Promuje ją „Stowarzyszenie na rzecz bezpieczeństwa finansowego obywateli”, które założyli przedstawiciele towarzystw emerytalnych wraz z kilkoma politykami. Rząd nie mówi nie. Ministerstwo pracy przyznaje, że możliwe jest wprowadzenie odpisu podatkowego od płaconych składek, ale od niewielkich kwot, rzędu 50 złotych miesięcznie. Stowarzyszenie chce wyższego limitu stuzłotowego.

Szansa jest dość duża chociaż nie ma jeszcze ostatecznej zgody Ministerstwa Finansów, które musiałoby pożegnać się z kilkuset milionami złotych rocznie.
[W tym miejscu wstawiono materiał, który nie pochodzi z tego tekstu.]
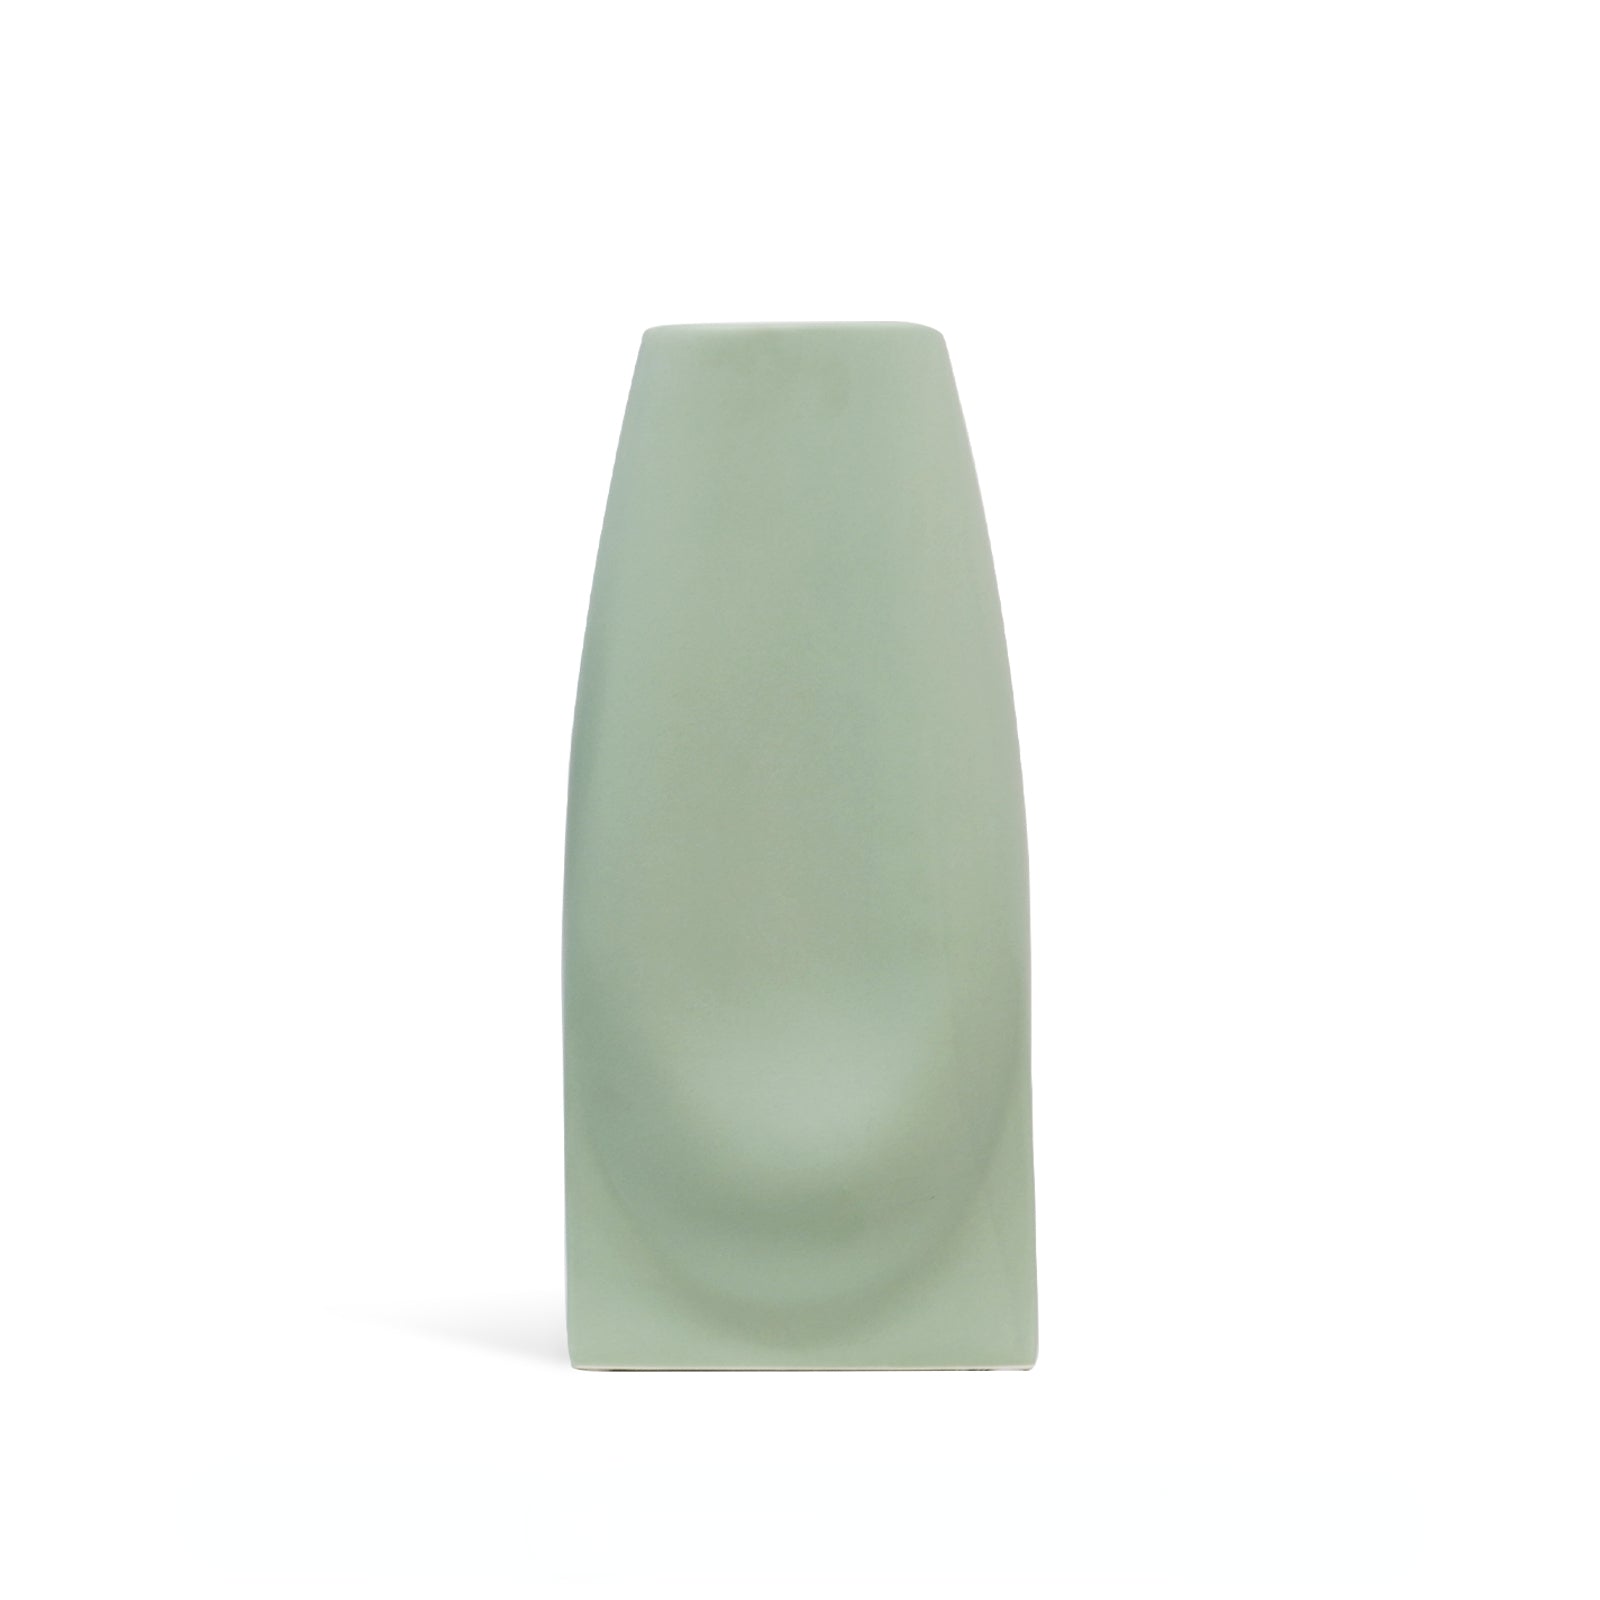 Rockton Ceramic Table Vase
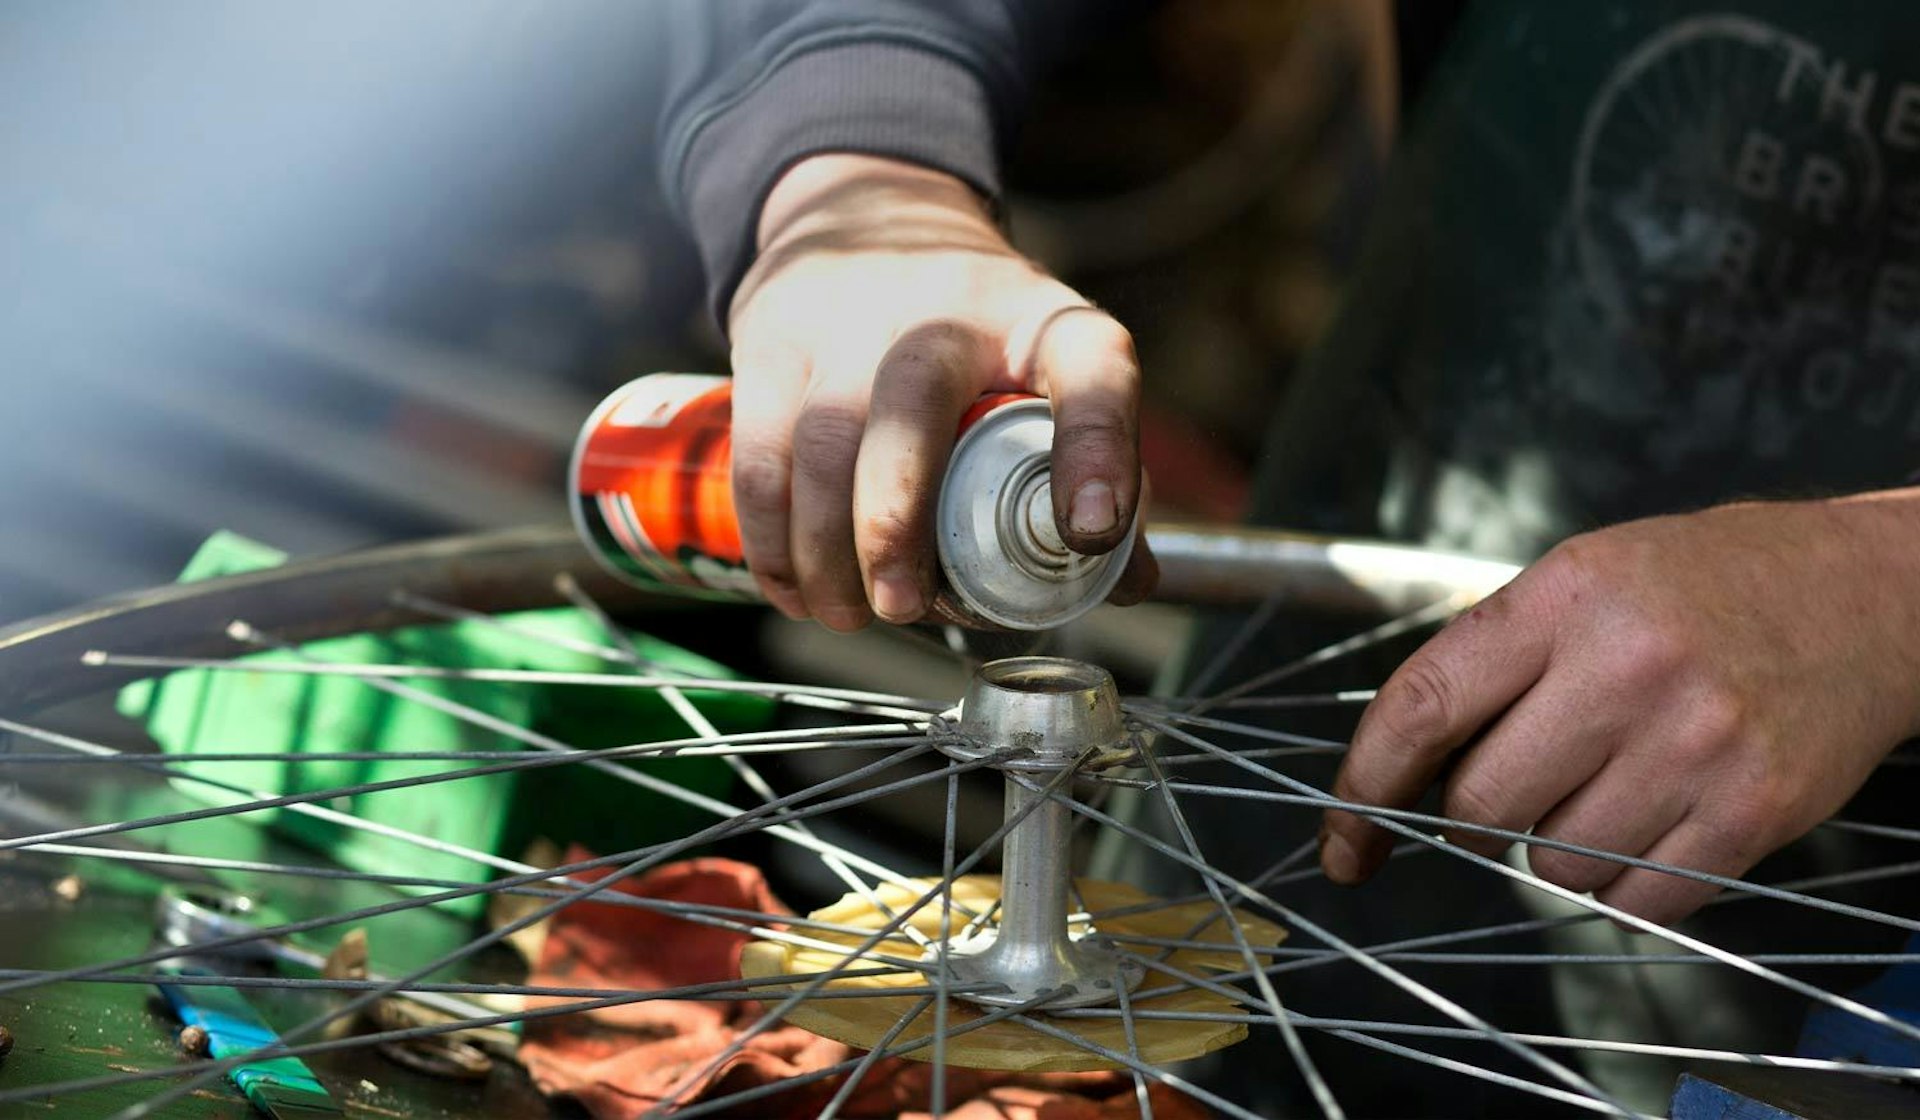 Bristol Bike Project shows how building bikes transforms lives

To pieniądze jakie zwykle trafiają do budżetu z naszych podatków. A kilkaset milionów w polskim budżecie, to nie tak mało. Najbardziej prawdopodobne jest wprowadzenie bardzo małej – 50 złotowej – ulgi. A to oznaczałoby, że jeśli będziemy płacić składkę przykładowo 100 złotych miesięcznie, to od podatku będziemy mogli odpisać około 19% z 50 złotych. Rocznie zaoszczędzimy więc 120 złotych. „Stowarzyszenie na rzecz bezpieczeństwa finansowego obywateli”, które przygotowało własny projekt ustawy o powszechnych programach emerytalnych, chce wprowadzić wyższy – 100 złotowy - limit. Przekonują, że mniejszy limit nie ma sensu.